#### Task requirements
Everything from the line that contains "Devenires y trenes" through the last line below should be transcribed exactly, except the pictures.

Information supplied: Begin

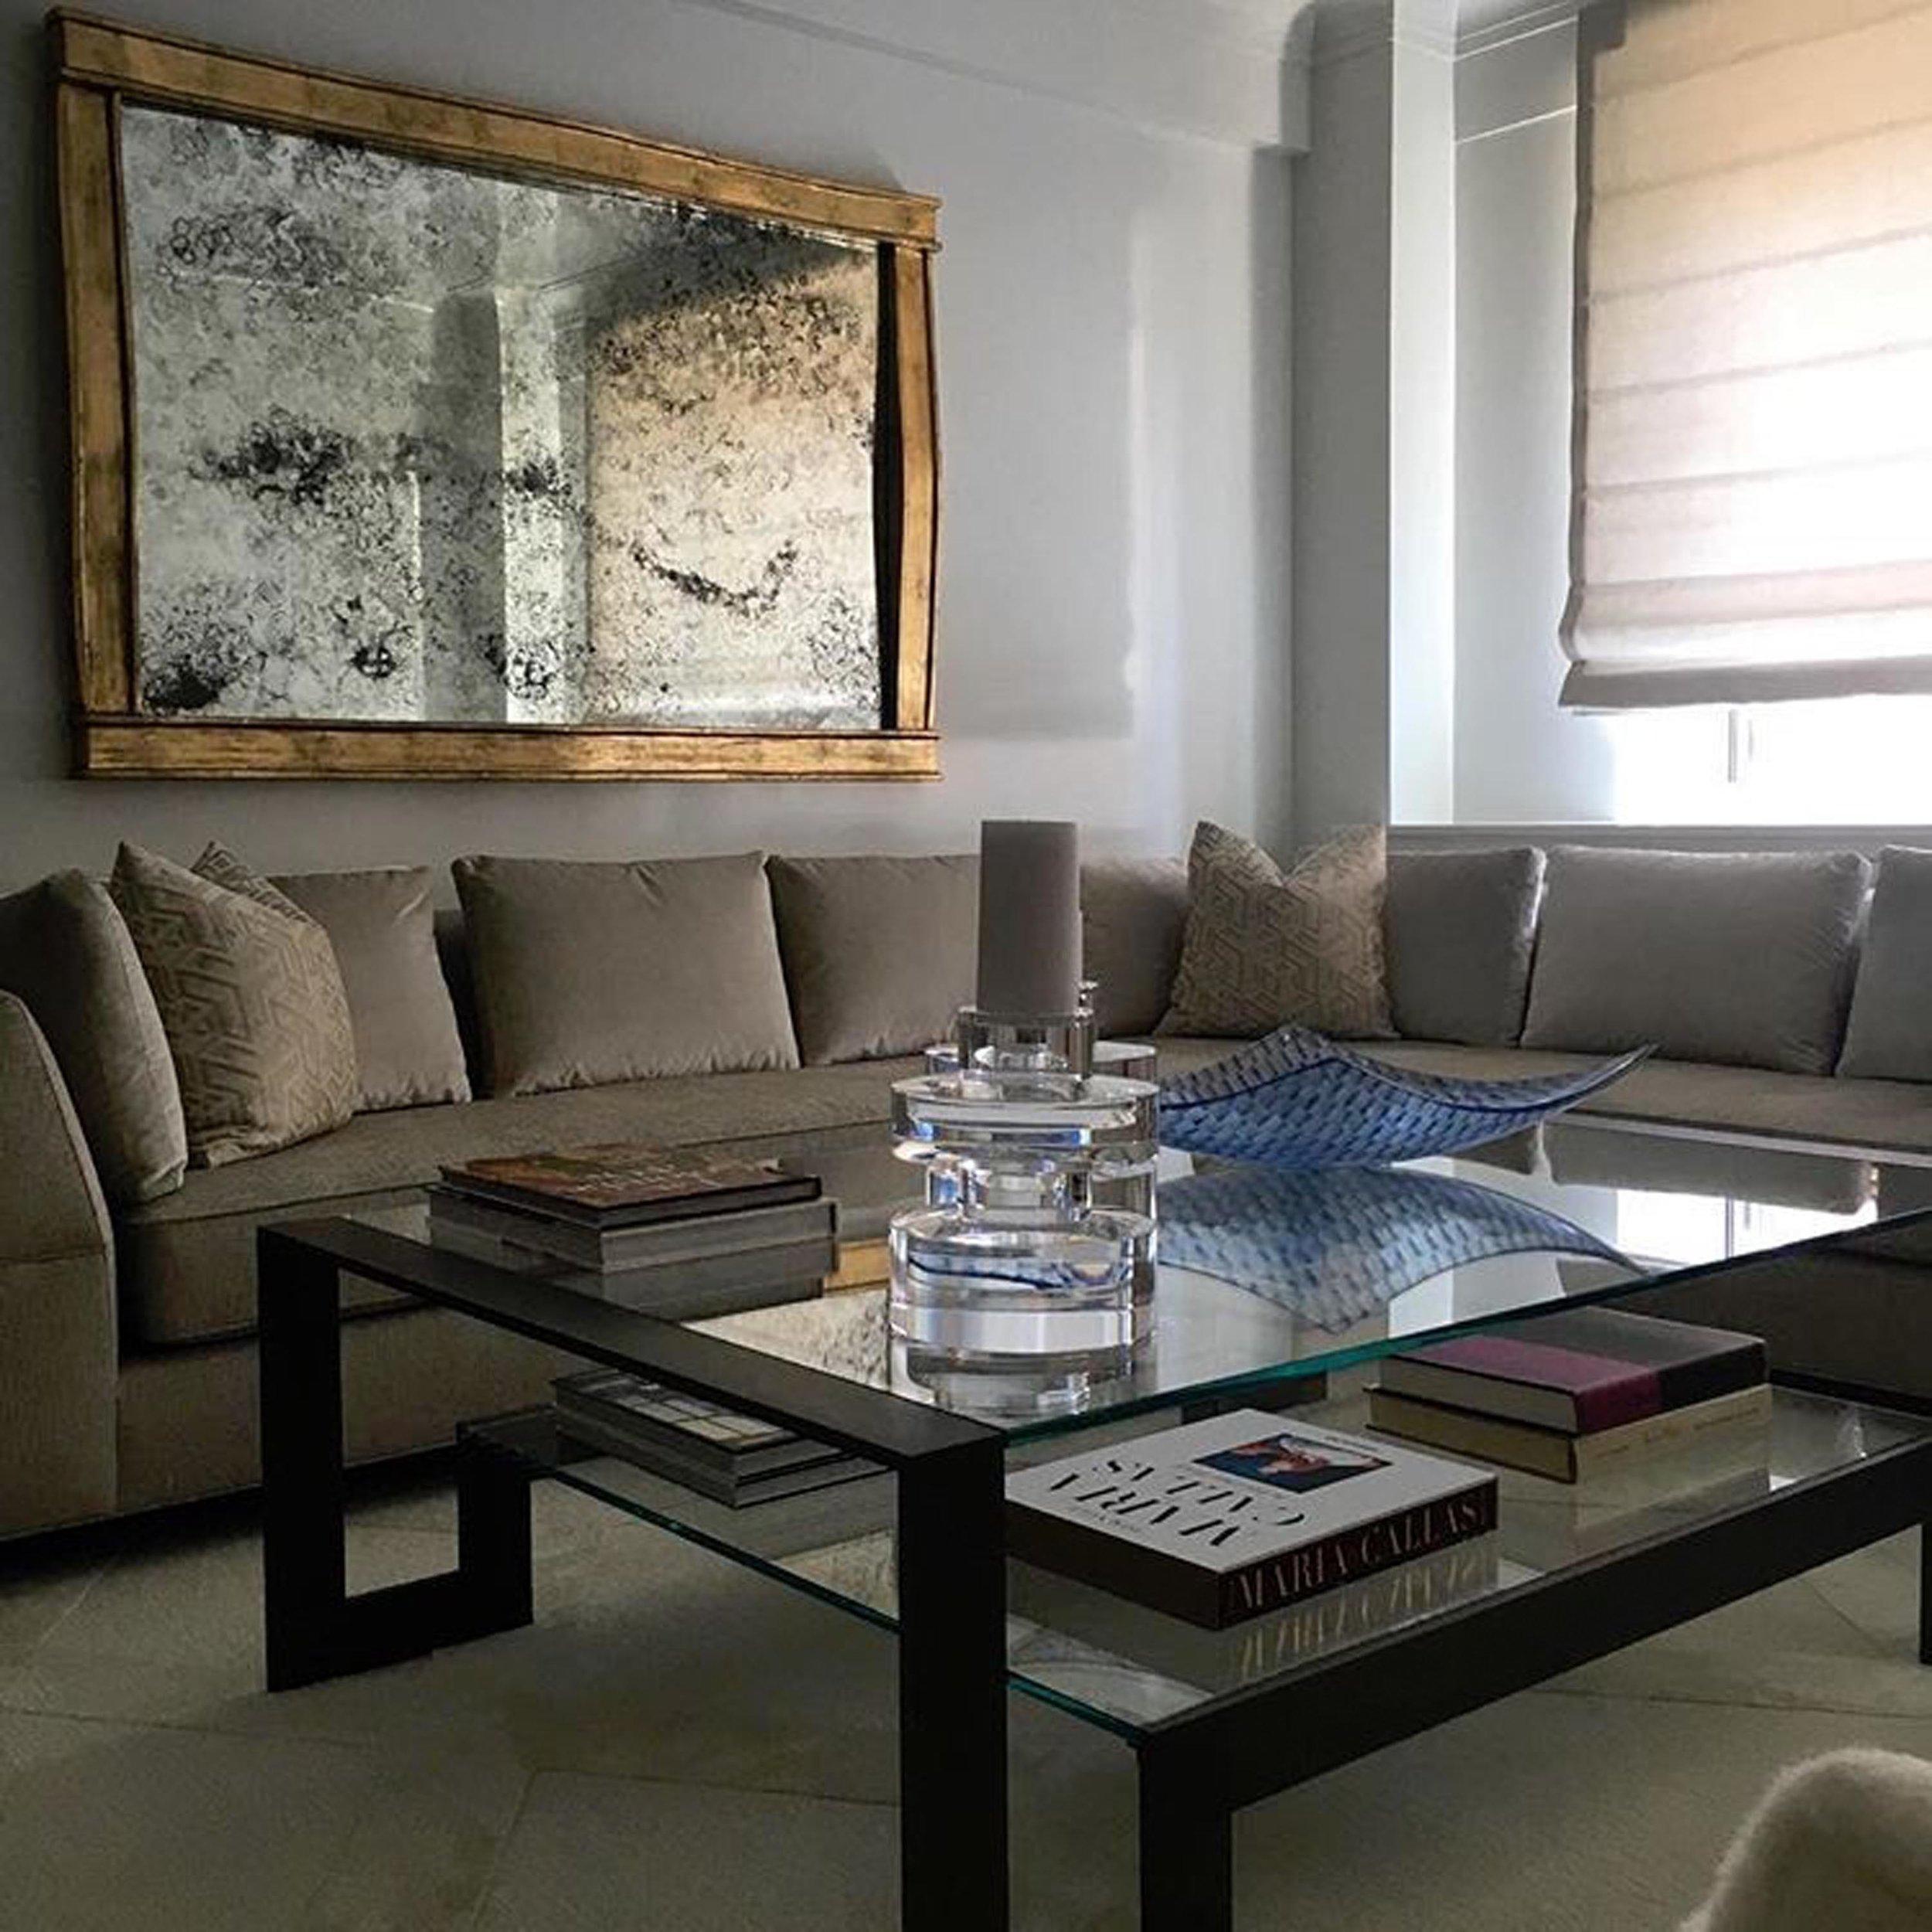 Textured brass rectangular framed mirror hanging over sectional sofa
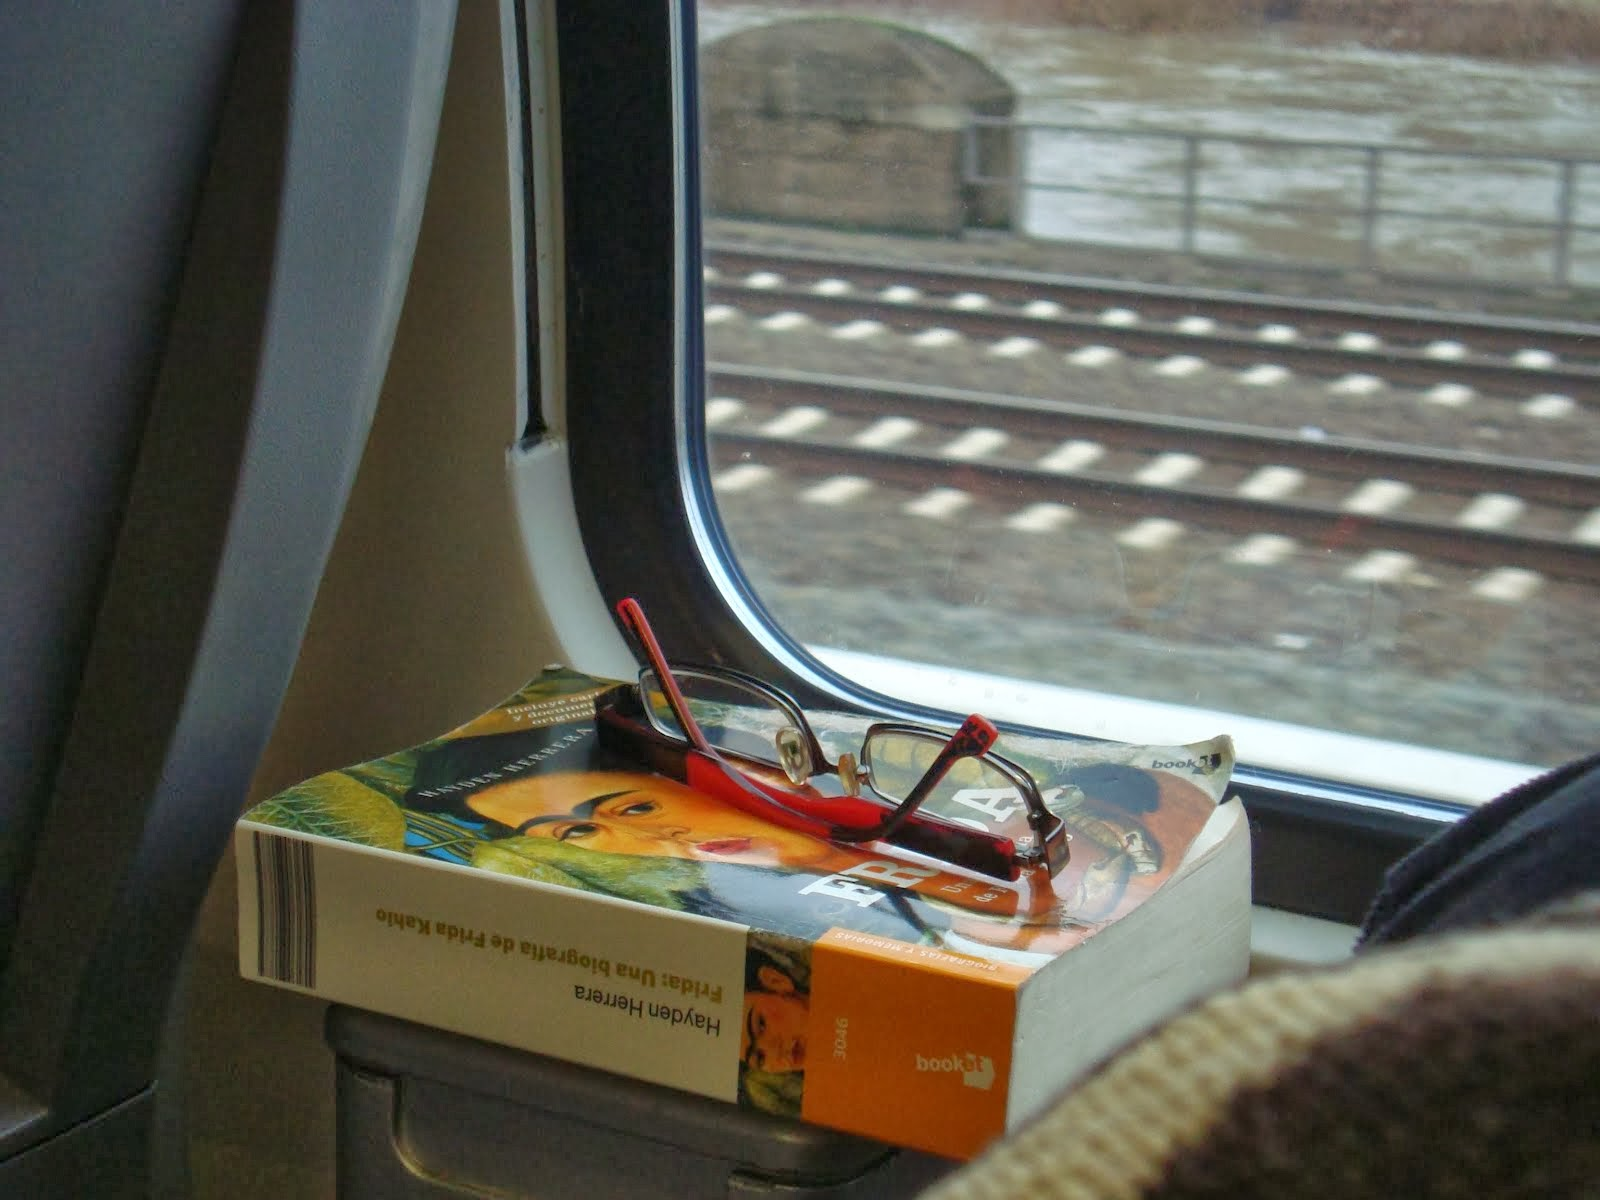 Devenires y trenes
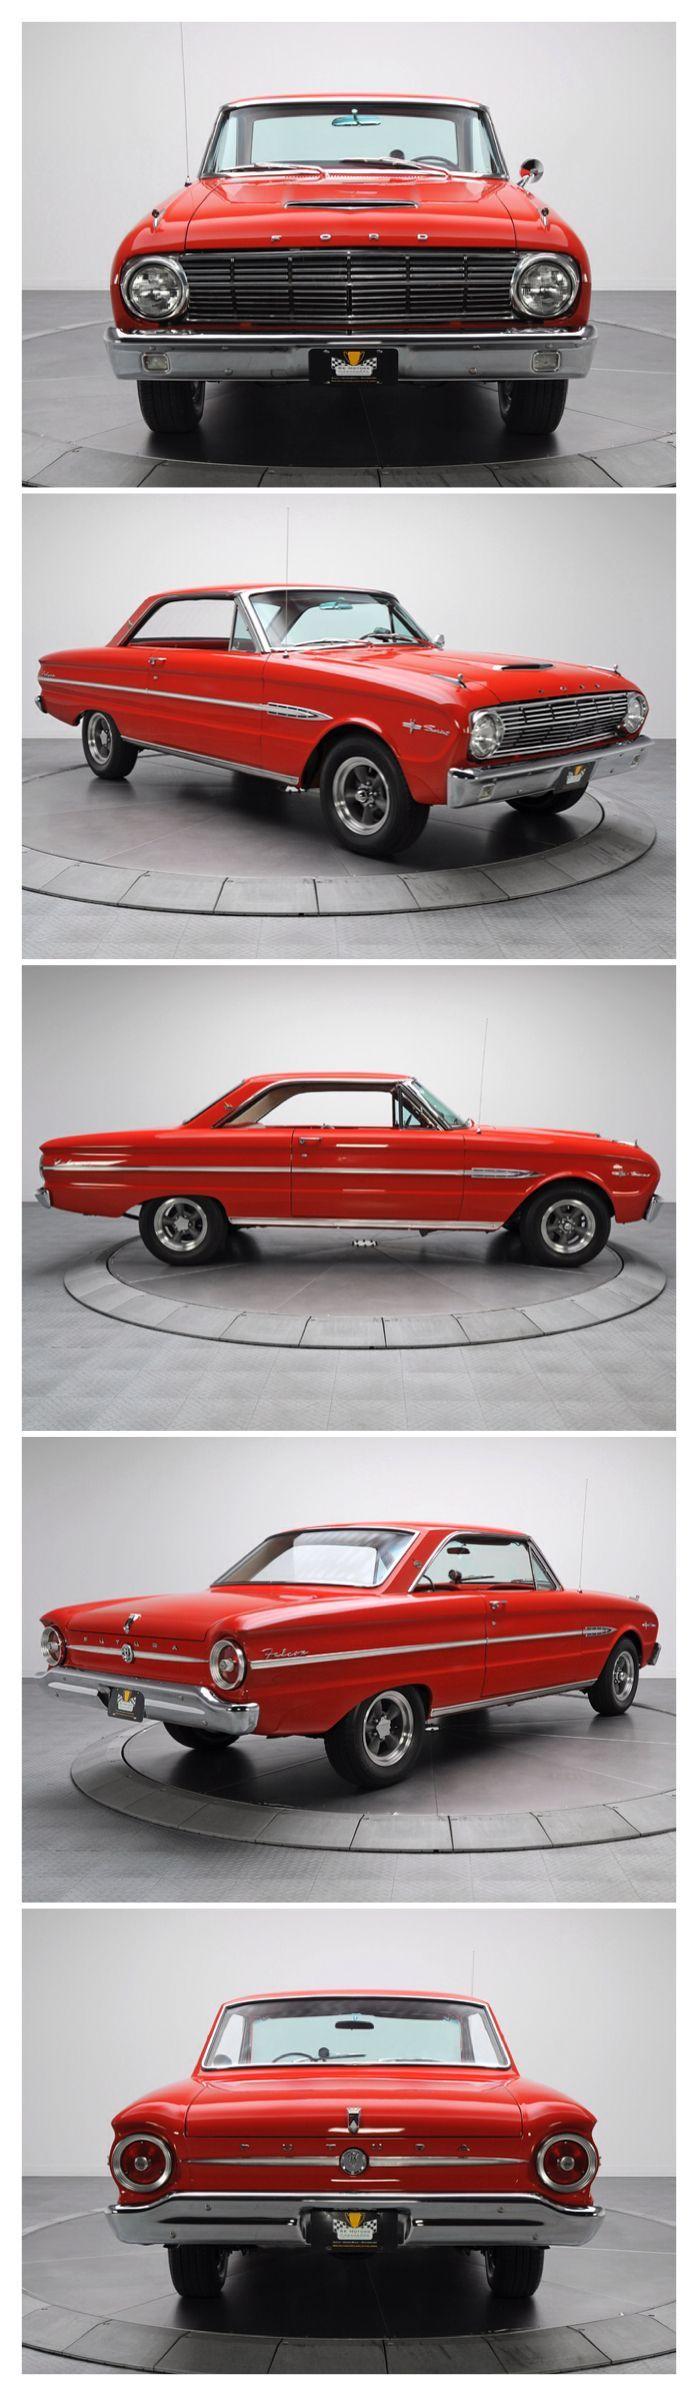 1963 Ford Falcon Futura Sprint - https://www.luxury.guugles.com/1963-ford-falcon-futura-sprint/
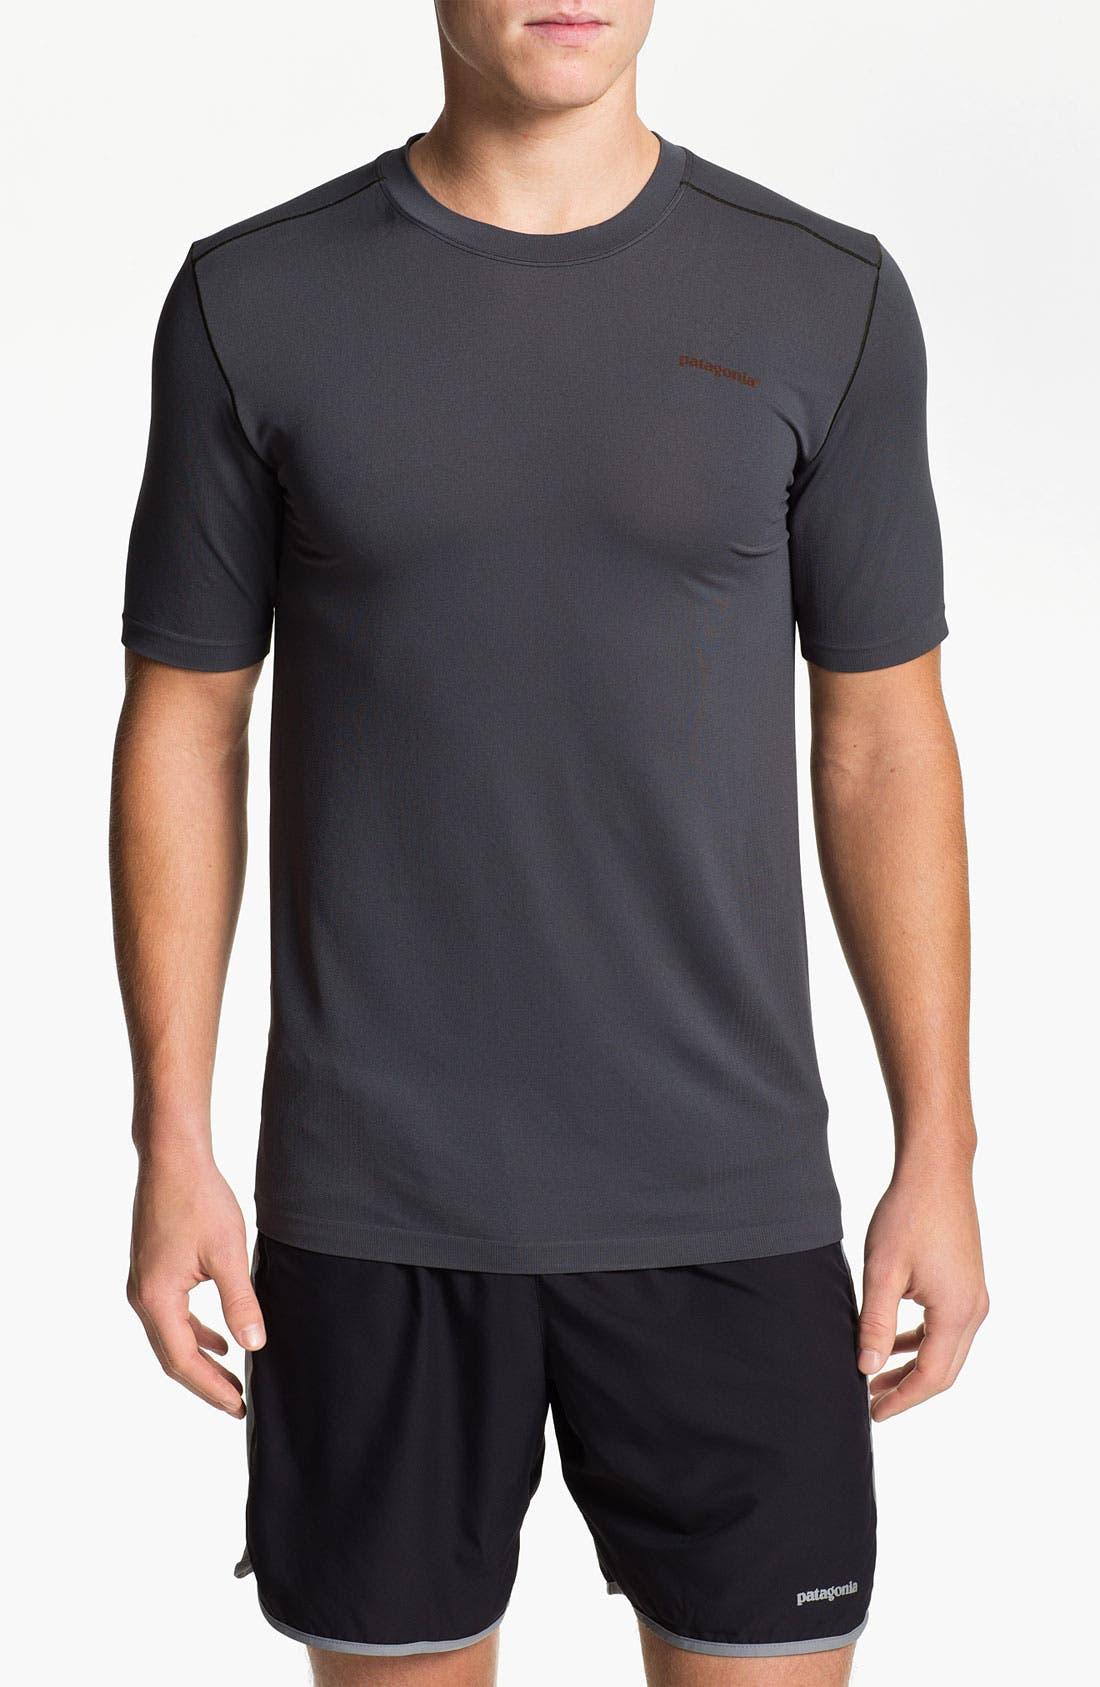 Main Image - Patagonia 'Gamut' T-Shirt

Information supplied: End

#### Answer to the exercise
 Devenires y trenes
 1963 Ford Falcon Futura Sprint - https://www.luxury.guugles.com/1963-ford-falcon-futura-sprint/
 Main Image - Patagonia 'Gamut' T-Shirt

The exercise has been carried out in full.